Theorem: If a product of a positive integer and a square is is square then that positive integer itself must be a square.

Thus,
$\displaystyle n^2+1=m^2$
$\displaystyle m^2-n^2=1$
$\displaystyle (m+n)(m-n)=1$
Trivial-Improper factorization,
$\displaystyle m+n=1$
$\displaystyle m-n=1$
Thus,
$\displaystyle n=0$.
But the problem says positive integer.... a contradiction.

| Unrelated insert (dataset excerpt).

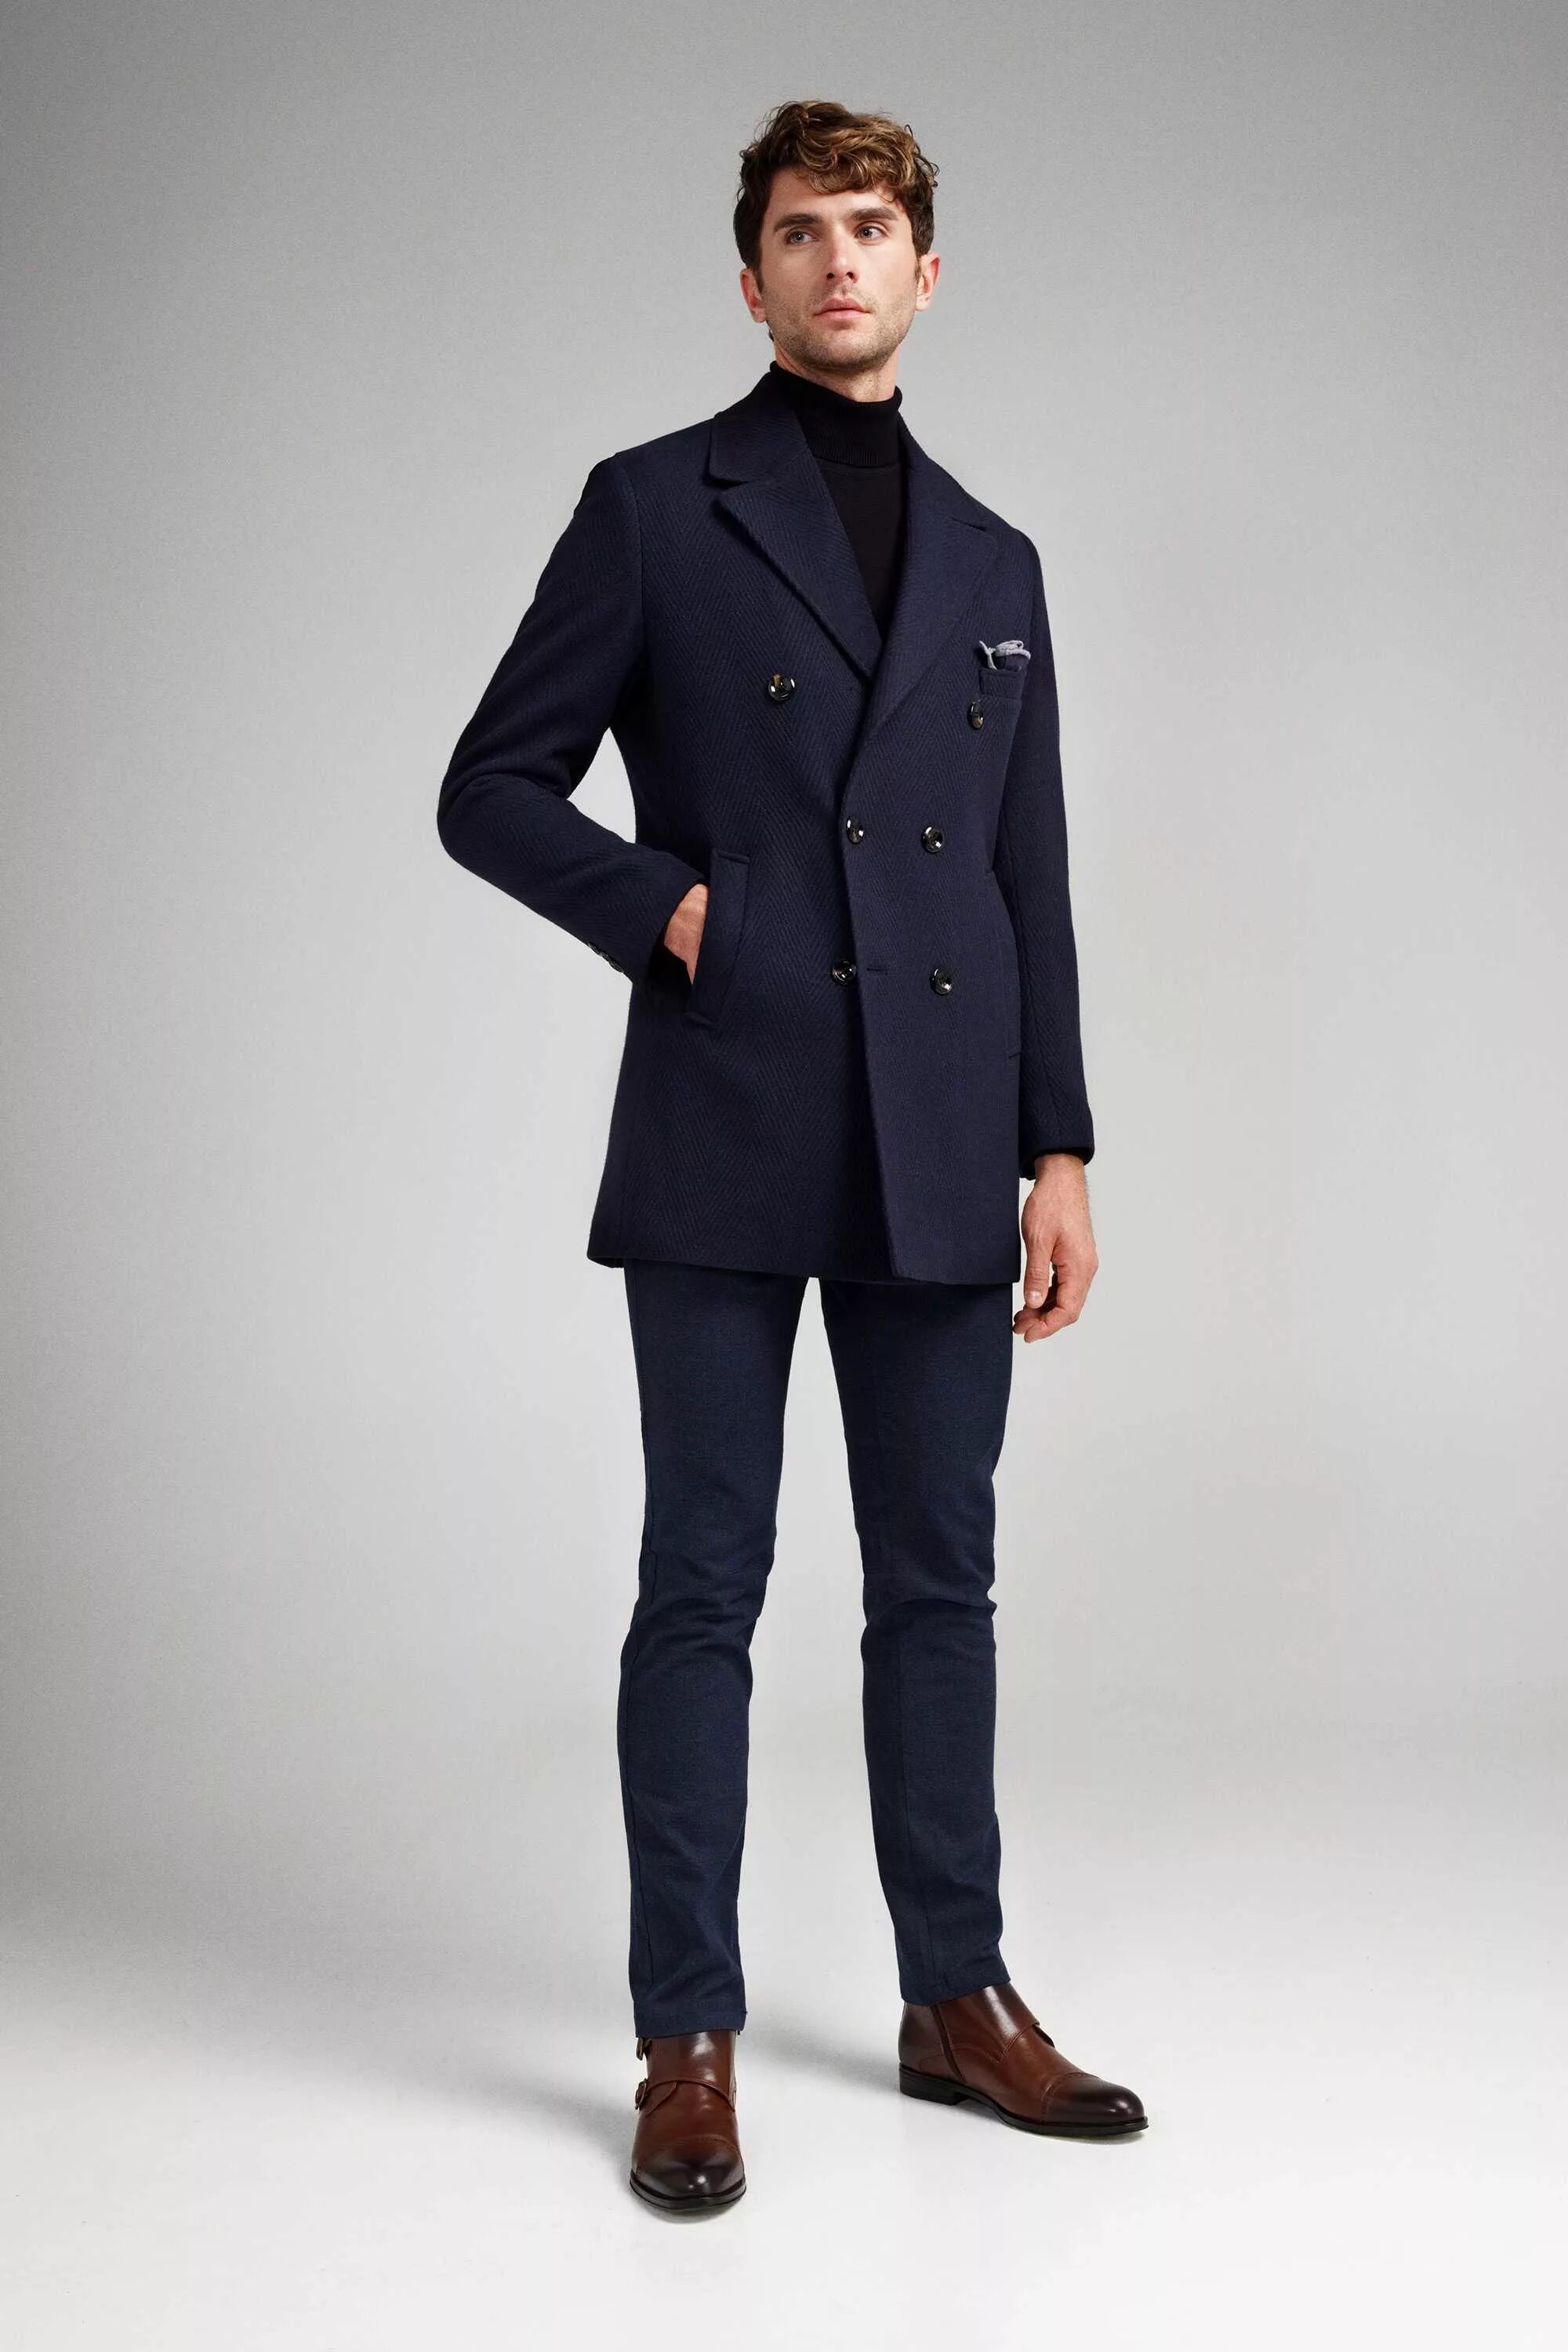 Мужское пальто озон. Двубортное пальто мужское. Пальто мужское приталенное. Синее пальто мужское. Темно синее пальто мужское.
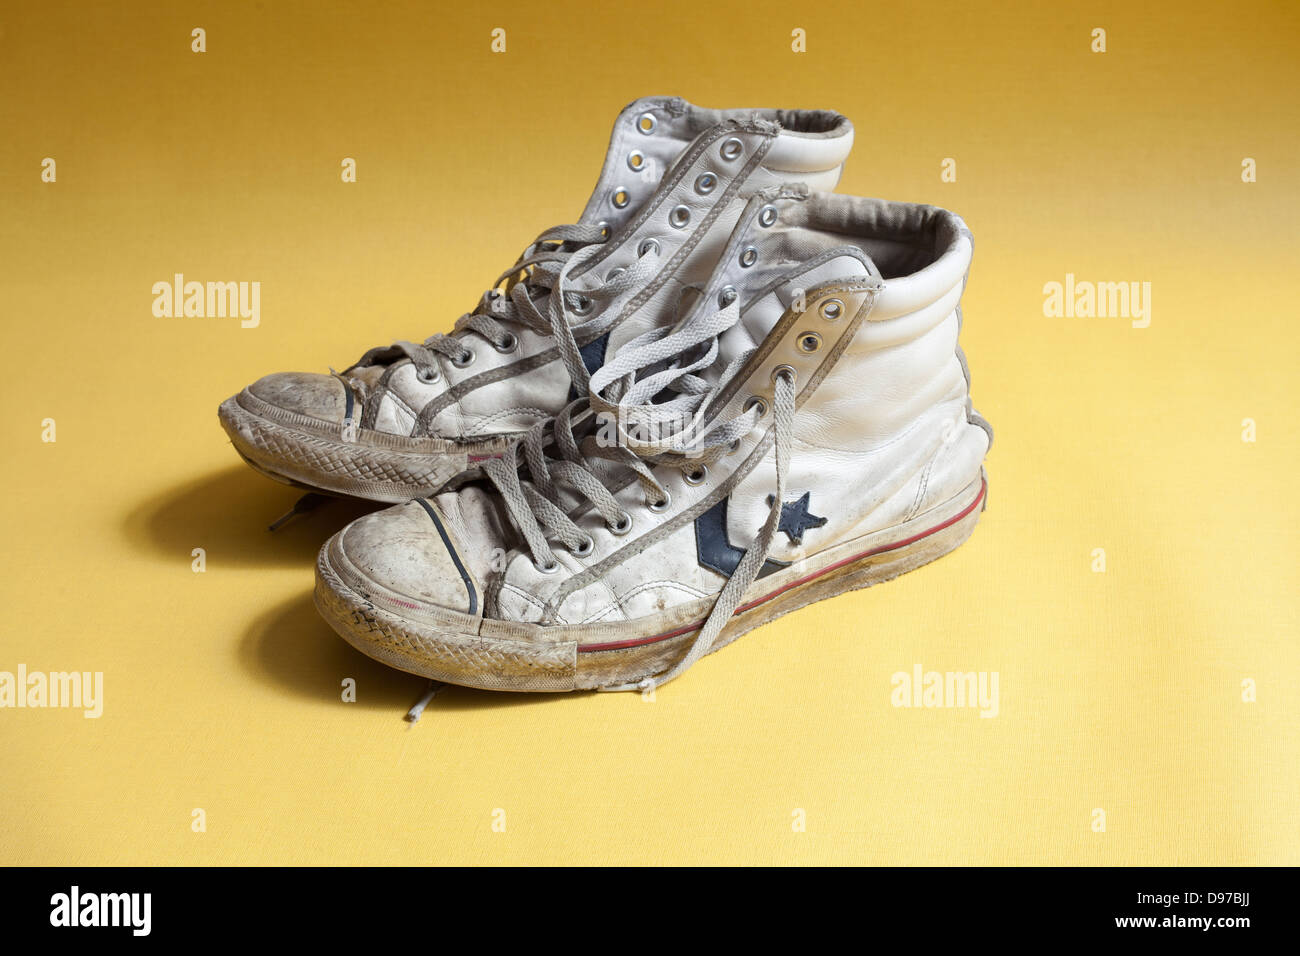 Converse boots immagini e fotografie stock ad alta risoluzione - Alamy

This is mine 4:):):)th Post!!!
• Jan 6th 2007, 04:39 PM
galactus
Here's a thought:

If you factor:

$\displaystyle (n+1)^{2}(n^{2}+1)=k^{2}$

Take the square root:

$\displaystyle (n+1)\sqrt{n^{2}+1}=k$

If n is a positive integer, then k can not be an integer, therefore, can not be a perfect square.
• Jan 6th 2007, 07:35 PM
Soroban
Hello, Hacker and Galactus!

The "Quickie" solution is surprisingly clever
. . but almost impossible to derive.

Let $\displaystyle N \:=\:n^4 + 2n^3 + 2n^2 + 2n + 1$

Since $\displaystyle n^4 + 2n^3 + n^2 \:< \:n^4 + 2n^3 + 2n^2 + 2n + 1$
. . we have: .$\displaystyle (n^2 + n)^2 \:< \:N$

Since $\displaystyle n^4 + 2n^3 + 2n^2 + 2n + 1 \:< \:n^4 + 2n^3 + 3n^2 + 2n + 1$
. . we have: .$\displaystyle N \:< \:(n^2 + n + 1)^2$

Hence: .$\displaystyle (n^2 + n)^2 \:< \:N \:< \:(n^2 + n + 1)^2$
. . and $\displaystyle N$ lies between two consecutive squares.